● Task prompt
The lines below, from the one holding "Iconic and rare" through the one holding "Measures: 80", are to be restated word for word, with all images left out.

● Task material
Start of Block

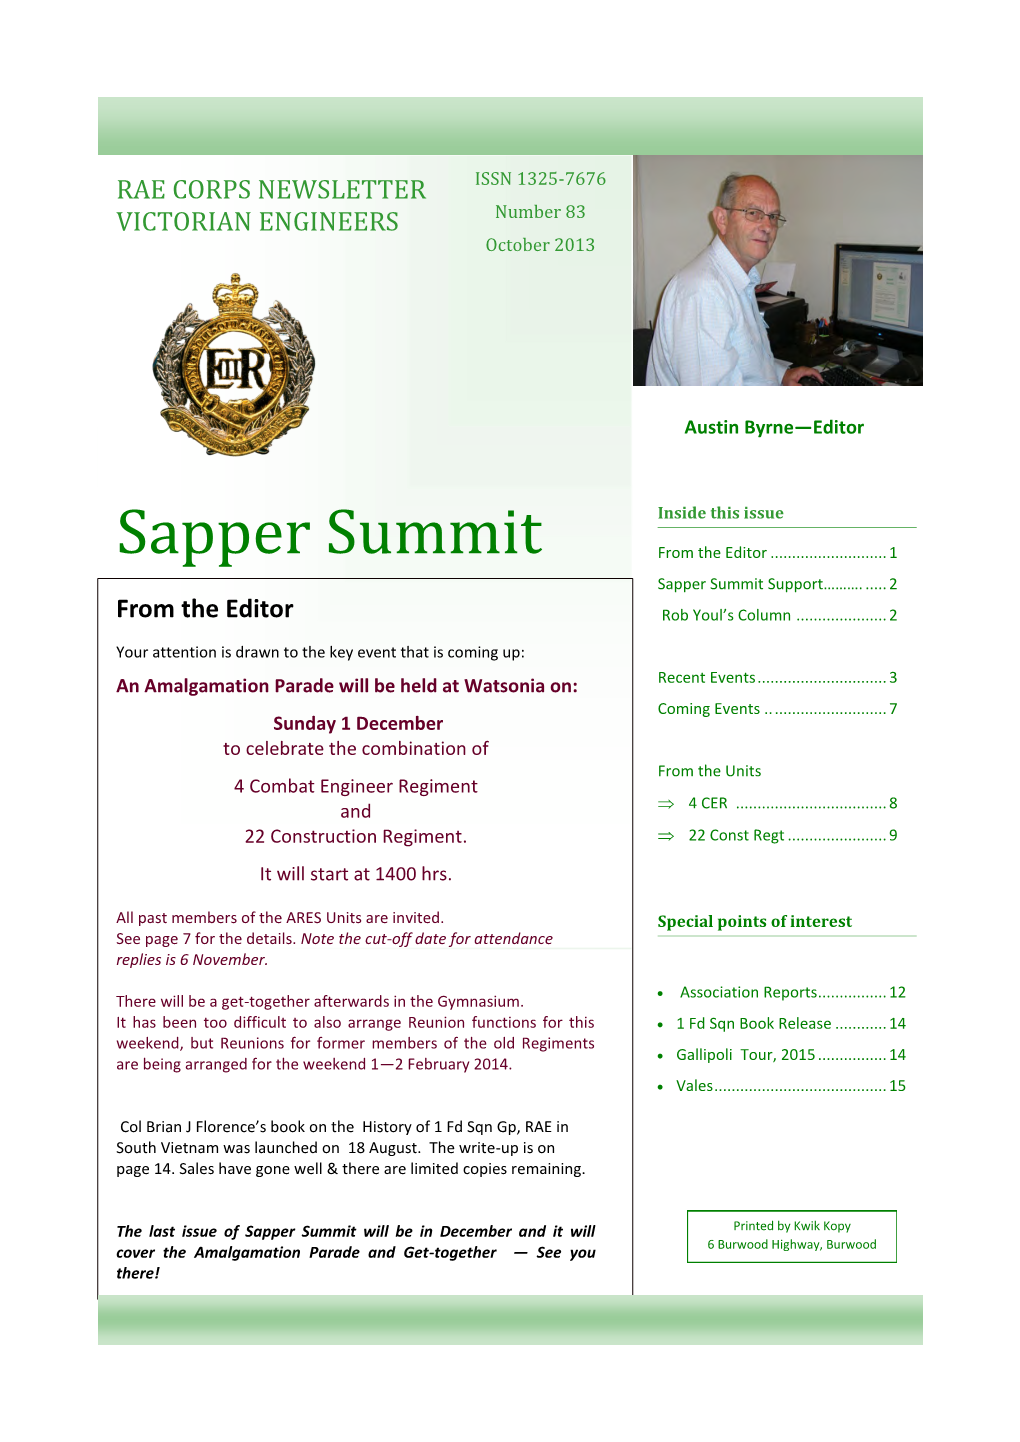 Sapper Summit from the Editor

End of Block
Start of Block

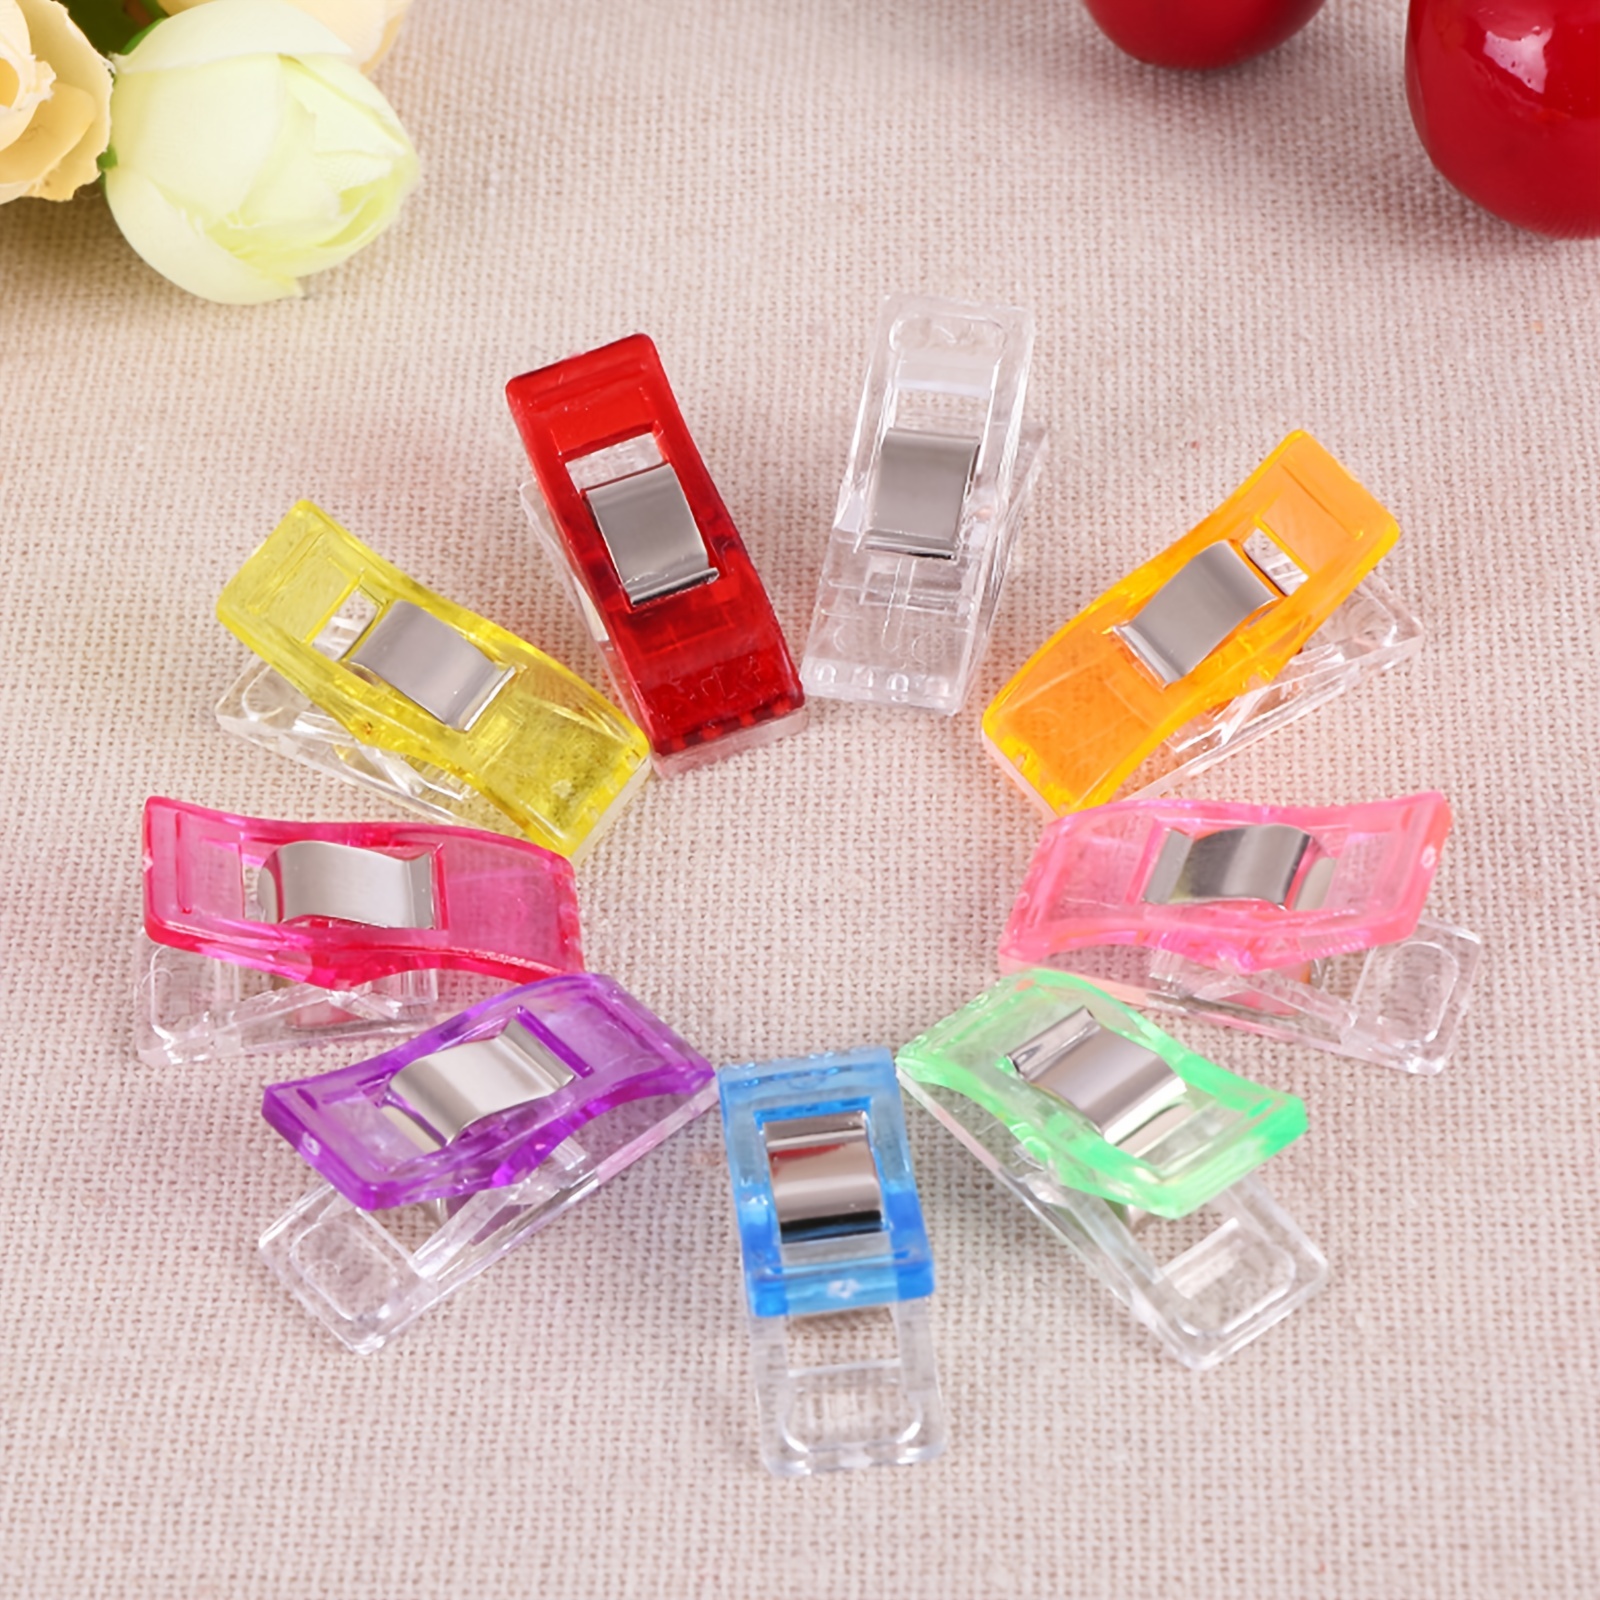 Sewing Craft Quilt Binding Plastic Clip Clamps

End of Block
Start of Block

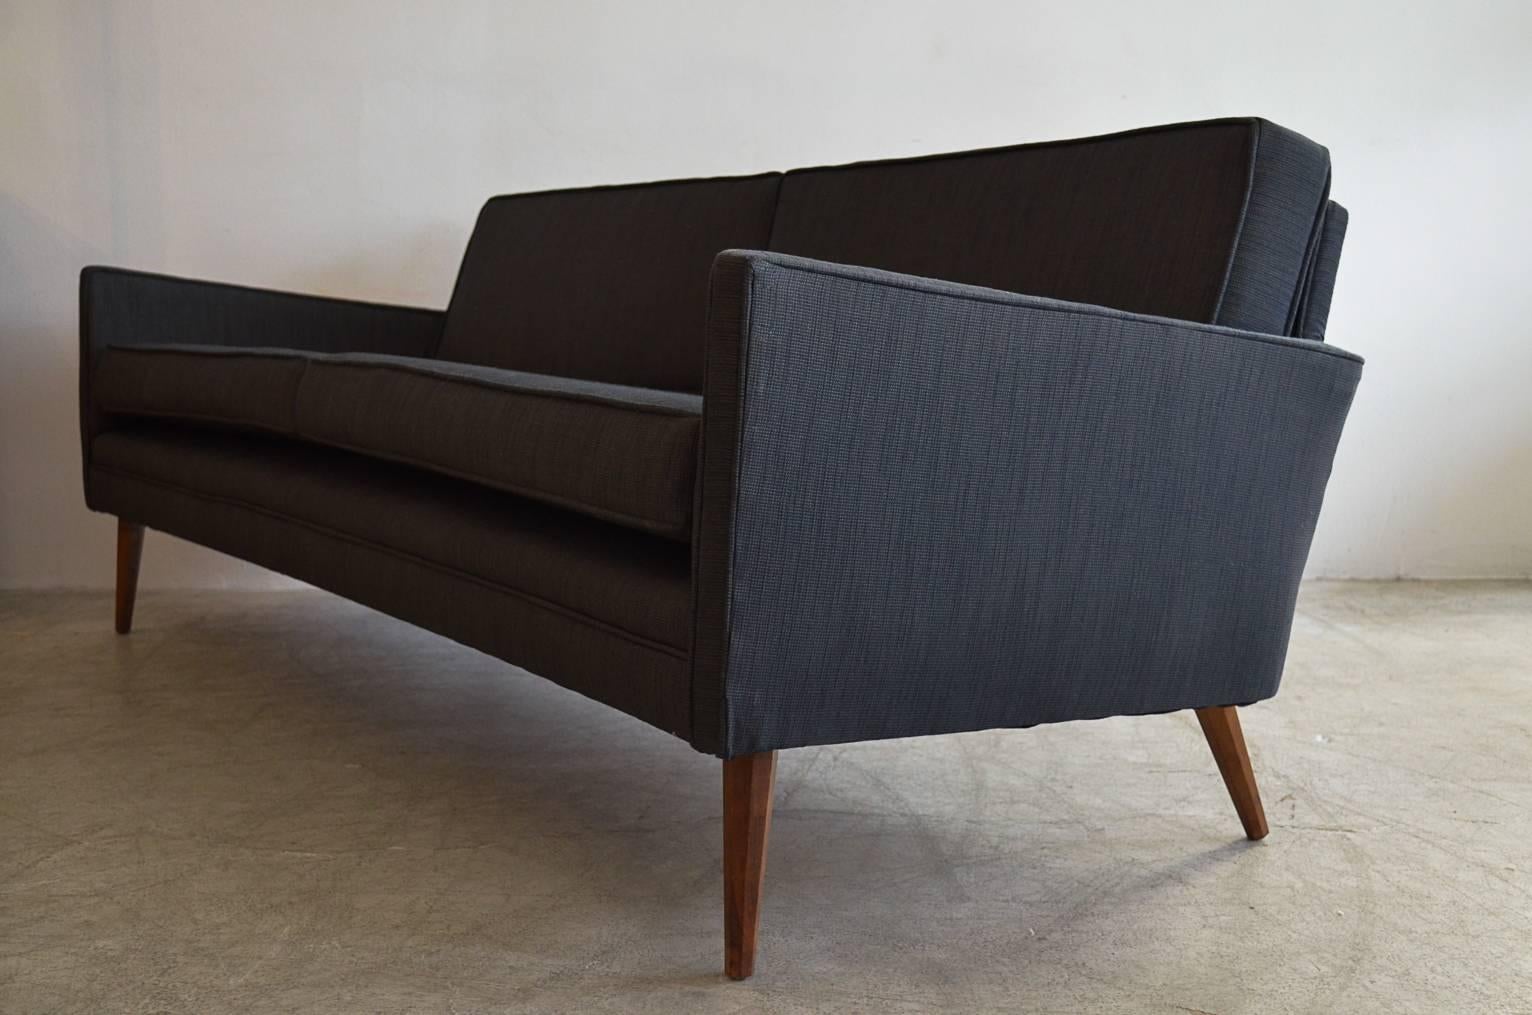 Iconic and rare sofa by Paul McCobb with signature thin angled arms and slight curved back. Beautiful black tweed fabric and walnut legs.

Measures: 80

End of Block

● Written solution
 Iconic and rare sofa by Paul McCobb with signature thin angled arms and slight curved back. Beautiful black tweed fabric and walnut legs.

Measures: 80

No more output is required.